Batch download genome feature file by RefSeq
3
1
Entering edit mode
3.2 years ago
ben83 ▴ 50

I have a list of hundreds or thousands of RefSeqs, e.g. NC_000964.1

If I point my browser to https://www.ncbi.nlm.nih.gov/nuccore/NC_000964.1, I see the gbff file displayed and I can download it through various clicks. What I can't figure out is how to automate this, how to construct some url or ftp address I can just use wget or rsync on. Any advice?
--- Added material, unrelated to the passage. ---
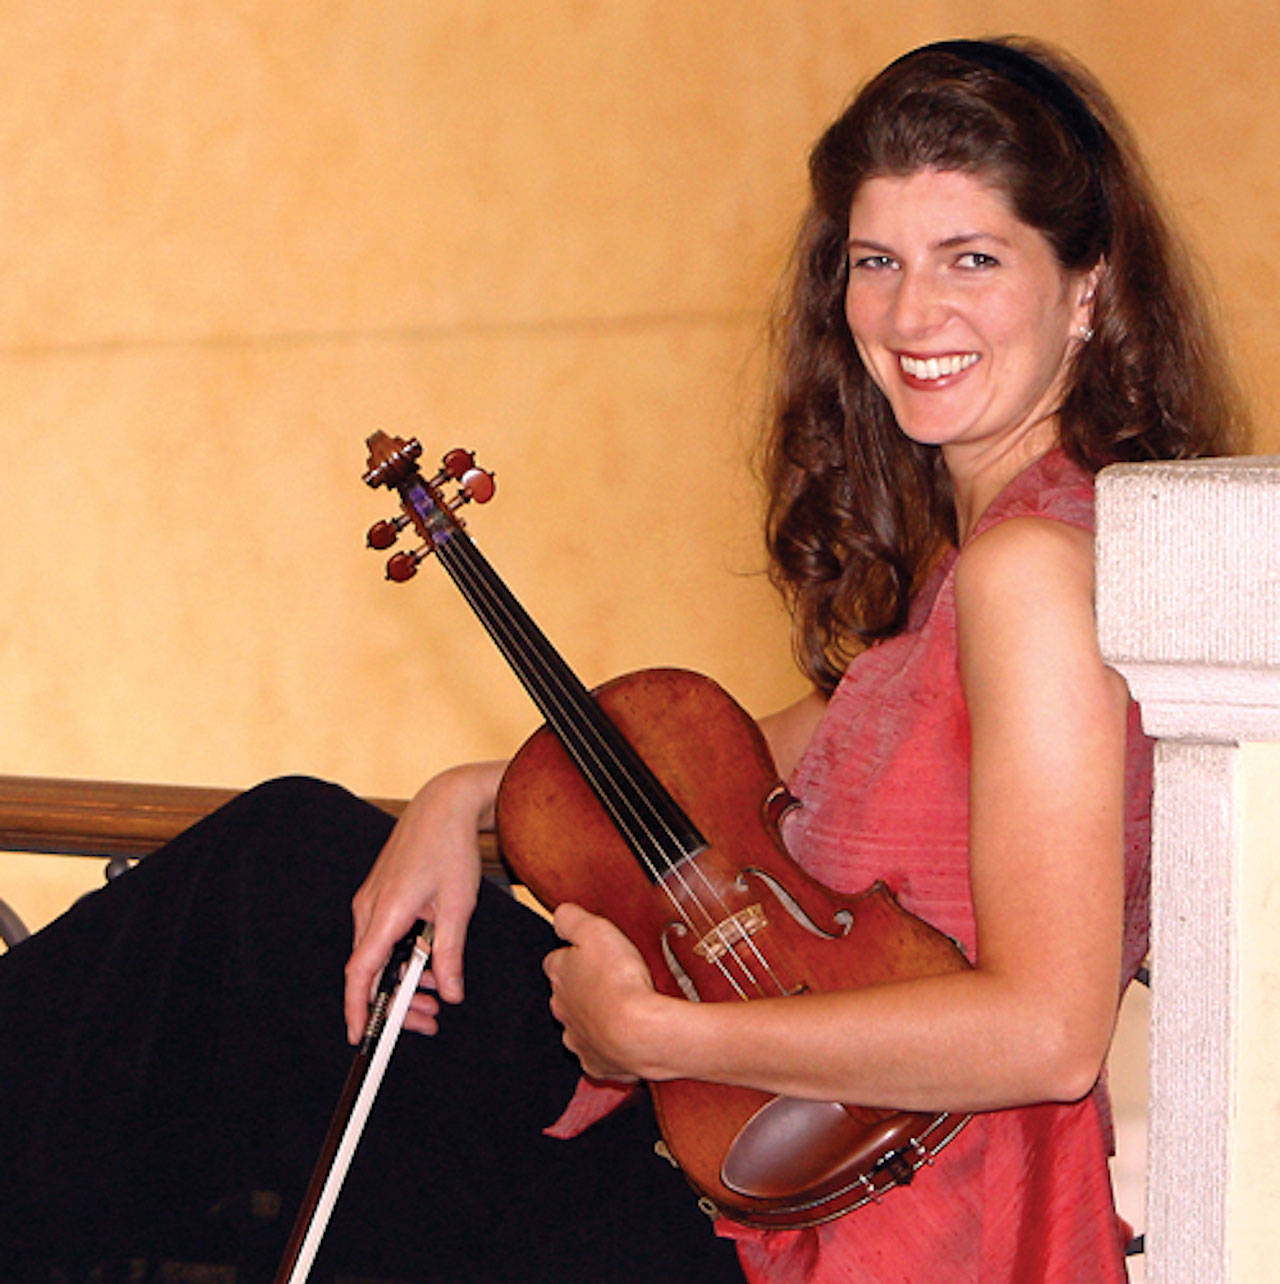 Monique Mead of the Carnegie Mellon University School of Music will lead the Port Angeles Symphony’s Summer Strings Camp this August. The program culminates in two public concerts in and near Port Angeles. Submitted photo

Edit: the specific file I'm after is the one called GenBank(full) in the drop-down:

screenshot

gbff ncbi refseq • 3.9k views
ADD COMMENT
1
Entering edit mode
3.2 years ago
vkkodali_ncbi ★ 3.7k

NCBI Datasets is designed specifically for something like this! You can query the bacterial genomes by taxids if you would like and download all of the data in one package. There is a command line tool that you can use on Windows, Mac or Linux machines to download sequence and annotation data starting from either taxids or accessions.

At this time, NCBI Datasets includes only the latest assemblies (see here). If you have a list of NCBI assembly accessions that are out of the scope of NCBI Datasets, you can download directly from the FTP paths as shown below. The NCBI Genomes FTP has a bunch of assembly_summary.txt files (this one, for example) that have the full FTP paths for assemblies that can be used with a tool like lftp to download GFF3 and GBFF files.

$ cat assm_list.txt 
GCF_009708215.1
GCF_000311725.1
GCF_004216875.1
GCF_009912635.1
GCF_001885905.1

$ grep -f assm_list.txt -w assembly_summary.txt \
    | cut -f1,20 | while read -r acc url ; do 
        echo -e "$(date) Downloading $acc" ; 
        lftp -e "mget ${url}/*.gff.gz ; exit" ; 
    done

Technically, you can use Entrez Direct to download the GenBank flatfiles for a given set of nucleotide accessions like NC_000913 but it does not scale very well if you have many thousands of accessions. Note, there is a limit on the number of requests you can make using e-utilities API which can be increased by getting an API key as described here.

ADD COMMENT
0
Entering edit mode

Thanks that looks promising. Unfortunately I can't get it to work, for example:

./datasets download genome accession NC_000913.3

Error: invalid or unsupported assembly accession: NC_000913.3

But that refseq certainly exists: https://www.ncbi.nlm.nih.gov/nuccore/NC_000913.3/

EDIT: OK I guess there is a difference between a RefSeq accession and an assembly accession? The following works

./datasets download genome accession GCF_000005845.2

I don't understand the difference between a refseq accession and a "assembly" accession, nor how to go from one to the other.

ADD REPLY
2
Entering edit mode

You can use Entrezdirect to go from one to other:

$ esearch -db nuccore -query NC_000913 | elink -target assembly | esummary | xtract -pattern DocumentSummary -element RefSeq
GCF_000005845.2

or download this file (RefSeq) and parse it.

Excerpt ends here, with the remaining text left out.